Beyond identical-file dedup. A UIN net-new check also runs — if the PDF's IRDAI UIN already belongs to a catalogued policy, the caller is pointed at the existing marketplace card instead of indexing a duplicate. PDF-text fuzzy matching also runs — if the upload content identifies as a known catalogued product (matching insurer + product-name patterns), the upload endpoint resolves to the existing <insurer-slug>__<product> id and reuses the curated card, skipping fresh extraction entirely (best UX for known products).
On pass. Chunks land in a per-session quarantine Chroma collection — session-isolated, 24 h idle TTL — AND in the shared policies collection so the upload can become a marketplace card.
The locked chat sequence (ADR-044). ack → gated wait → card → choice. The frontend's extractionInFlight flag disables Send, textarea, PDF button, and EVERY voice path (PTT / Sarvam / voice auto-submit) for the entire wait window. The choice prompt NEVER fires before the card-bearing message lands. Live-verified by Playwright: ack at idx 155 → card/fail at idx 315 → choice at idx 500, strictly ordered. Inputs re-enable in the same render as the choice prompt.
The two LLM fast paths. Hash-cache — sha256(pdf_bytes) matches a prior successful extraction → copy that rag/extracted/<pid>.json to this pid, surface llm_used="hash-cache", ~1 s. Gemini path — 3 retries with jittered exponential backoff (2/4/8 s ± 25 %), surfaces llm_used="gemini-2.5-flash#N" where N is the successful attempt, plus llm_response_chars so the operator can see WHICH LLM landed the extraction without HF Space stdout access.
The heuristic floor is a hard guarantee, now significantly fatter (KI-332, 2026-05-27). build_record() runs synchronously inside the upload HTTP call (sub-second) and writes record.json BEFORE the LLM ever fires. The pattern set was expanded from ~16 fields to ~28+ on the 2026-05-27 hardening pass: sum-insured ladder detection (₹3L / ₹5L / ₹10L → list), policy_type, min entry age, child entry days, lifelong-renewability flag, grace period, free-look period, geographic coverage, ICU capping, deductible amount, NCB cap %, organ donor / critical illness / preventive checkup / domiciliary / newborn presence booleans, premium payment modes.
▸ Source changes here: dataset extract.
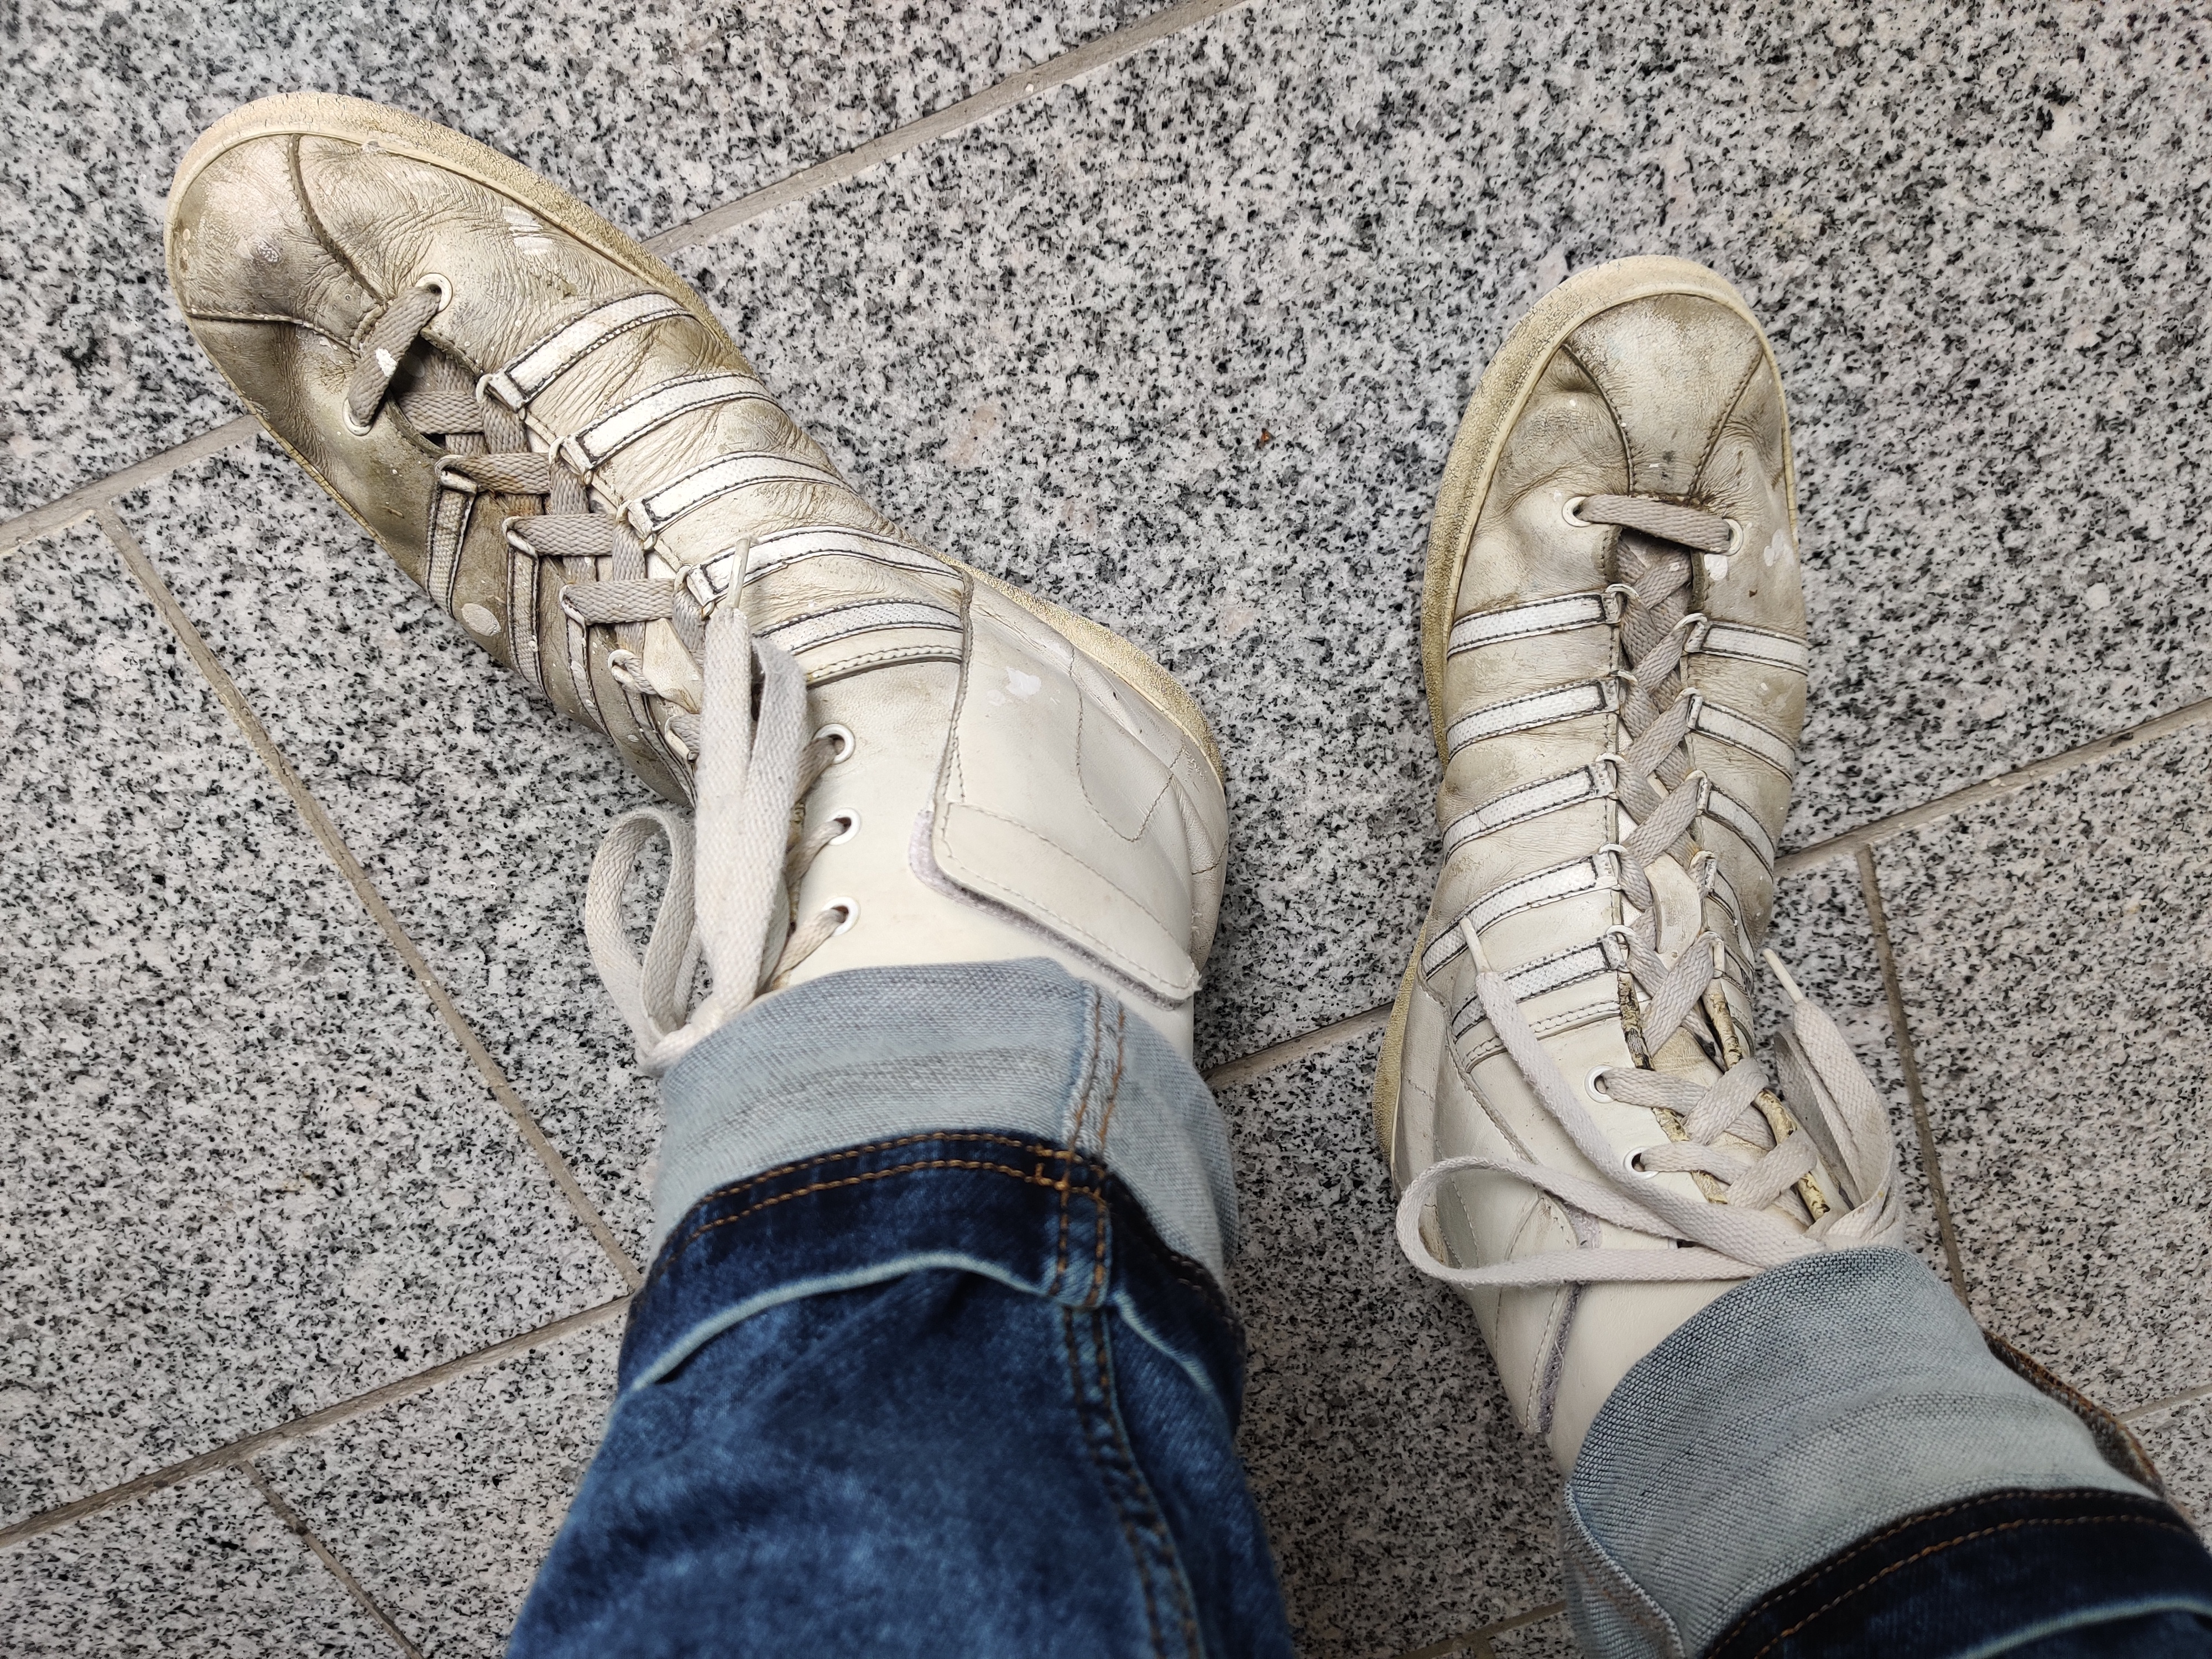 In my vintage Künzli sneaker boots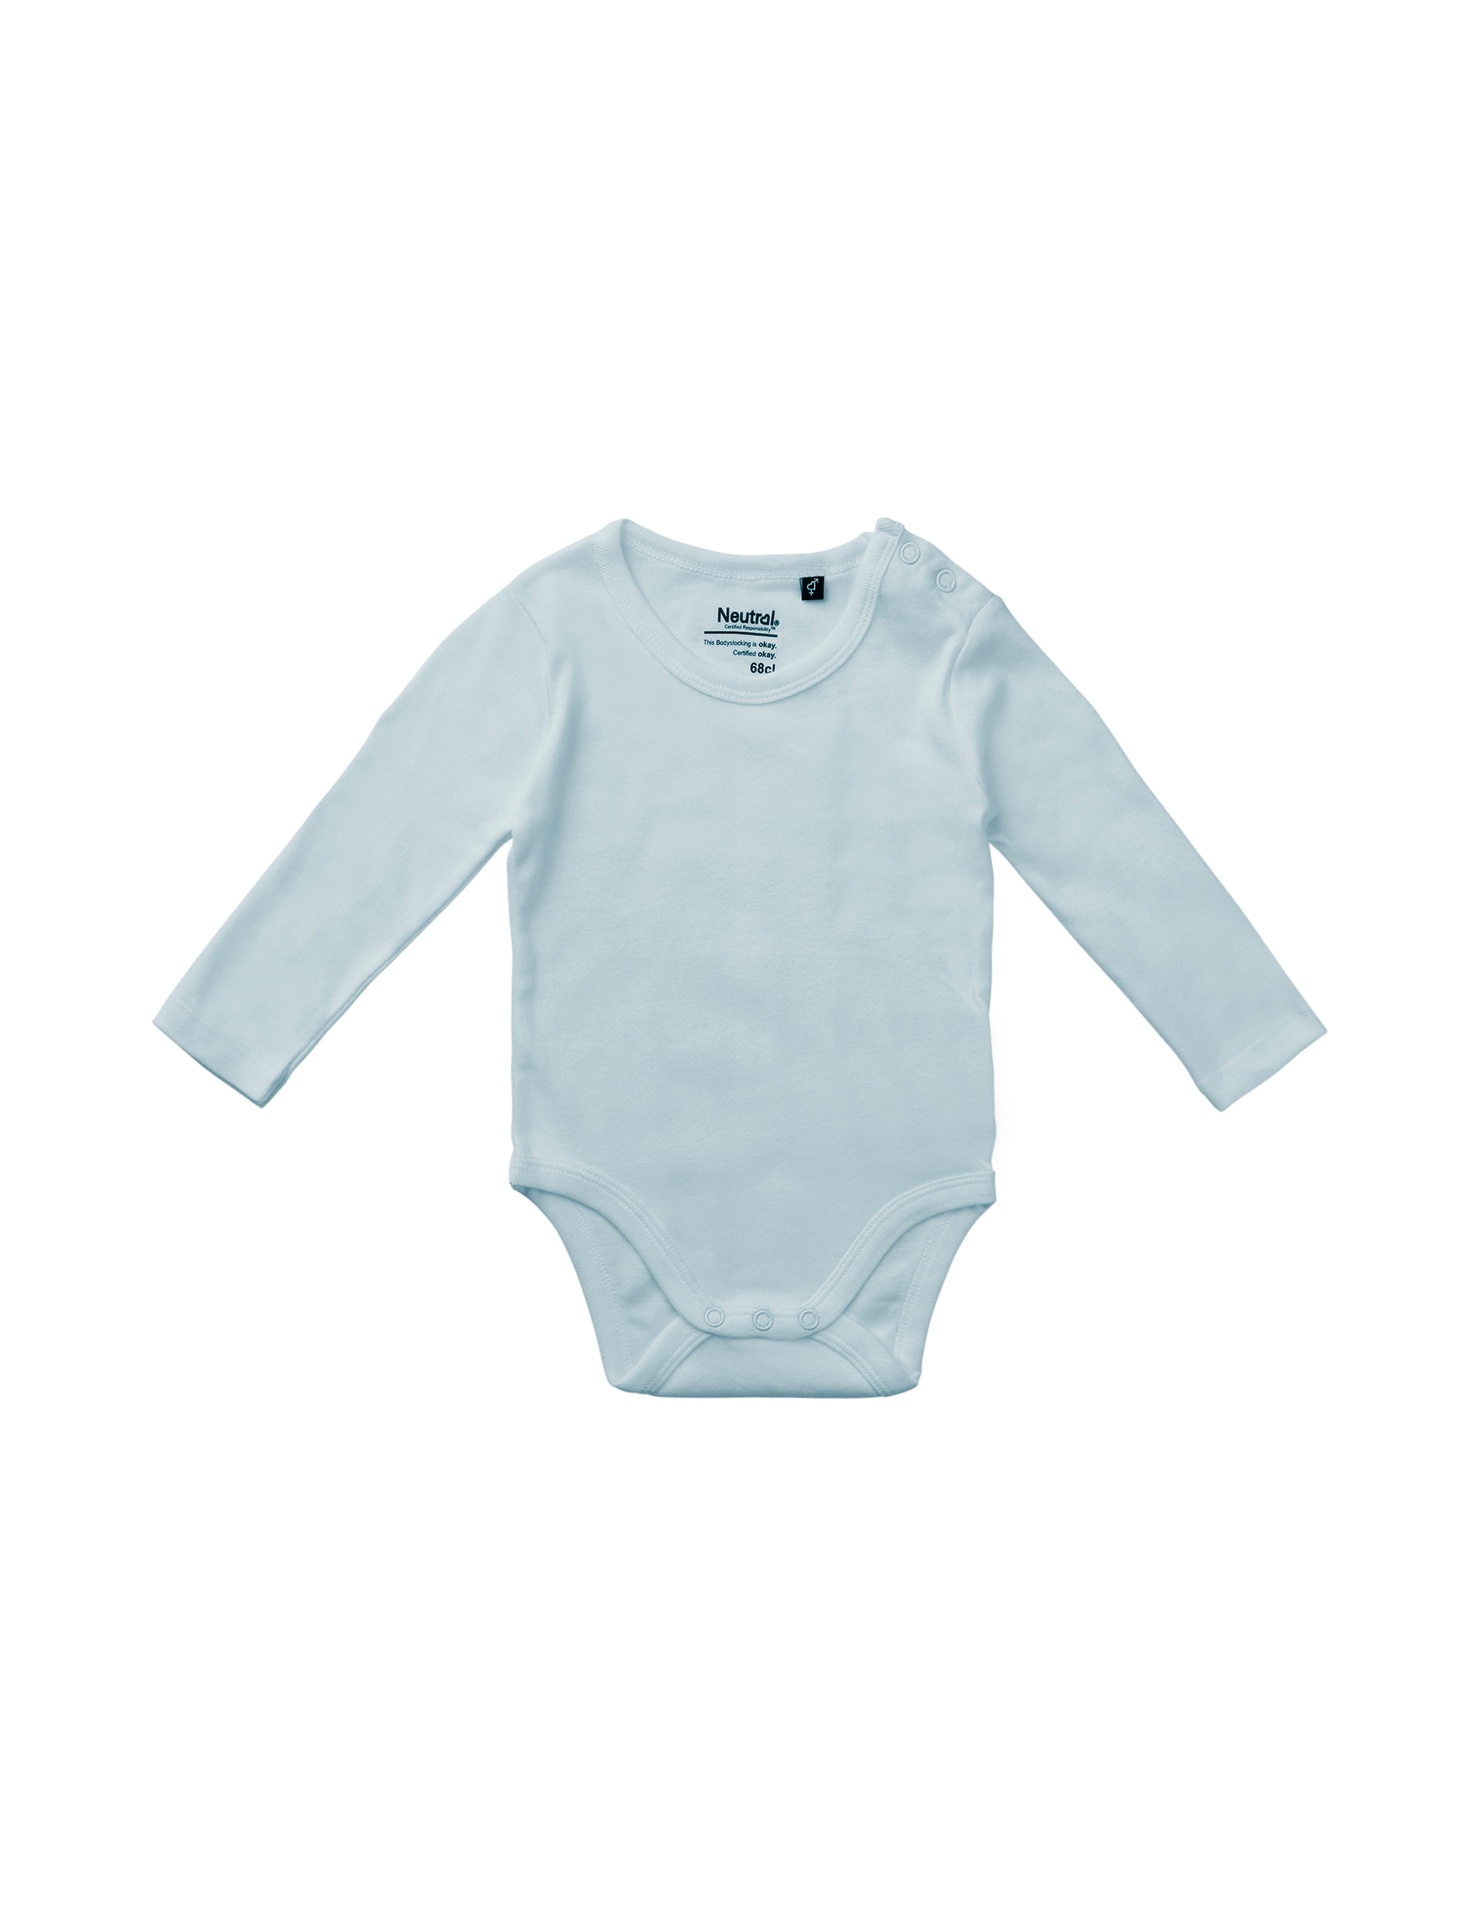 [PR/05757] Babies Long Sleeve Bodystocking (Light Blue 69, 74 cm)

Local synthetic test hits 32 fields. Expected upload completeness on LLM-fail rises from ~47.8 % to ~65–70 %. If Gemini fails all 3 retries AND the NIM fallback fails, the card still renders at this richer floor — never fabricated, never a generic "Retry" placeholder. Verified on a hard Test Policy.pdf (8 MB) where Gemini 3/3 retries returned malformed JSON: card still landed with the expanded heuristic data.
Multi-pass per-section extraction for big PDFs (KI-332, 2026-05-27). For uploads with ≥ 25 K chars of extracted text (e.g. dense 100+ page policy wordings, 8 MB PDFs), the single-pass Gemini call reliably truncates JSON mid-emission — the HealthPolicy schema has ~40 fields and a complete output with verbatim quotes can exceed Gemini 2.5-flash's reliable output budget. Solution: split the schema into 7 logical sections (identity, eligibility, financial, waiting periods, coverage, limits, network+claims) and run each as its own smaller Gemini call IN PARALLEL via asyncio.gather. Each call carries ~15 % of the schema → fits comfortably in budget. Failure-isolated: 6/7 sections landing produces a partial extraction strictly better than the heuristic floor. Same wall-clock cost as single-pass (parallel). On total multi-pass failure, falls through to the legacy single-pass + NIM chain (heuristic floor still wins). Activation: len(text) ≥ 25_000 triggers multi-pass; smaller PDFs keep using single-pass (faster, cheaper, works fine).
Status endpoint == scorecard endpoint by construction. When the background extraction finalises, it calls the SAME _catalogue_scorecard(pid, None) resolver that /api/policies/{id}/ scorecard uses. The completeness_pct and overall_grade on GET /api/upload/extraction-status/{pid} are therefore byte- identical to what the inline card renders. Same applies to the hash-cache short-circuit (which had to be fixed separately — earlier draft of the cache branch called build_scorecard(...) without insurer_reviews AND read .overall_grade instead of .grade, silently reporting status=17.4 % / grade None while the card showed 47.8 % / C). 2026-05-27 multi-PDF audit (commit 58e3c82) confirmed parity across manipalcigna, hdfc-ergo, care-health, icici-lombard, star-health, Test Policy.pdf.
Post-card dive-in mode (KI-330). After the card lands the frontend sets activeUploadPid and plumbs it into every chat turn's view_context.active_policy_id. single_brain.handle_turn reads that and prepends an ACTIVE POLICY DIVE-IN block to the system instruction, forcing the brain to answer policy-specific questions via retrieve_policies + get_policy_facts on that pid instead of pivoting to "let me pull your recommendations". Verified 9/10 on the post-fix audit (up from 0/10 pre-fix).
On fail. A clean rejection naming the gate; the file is deleted; nothing is embedded.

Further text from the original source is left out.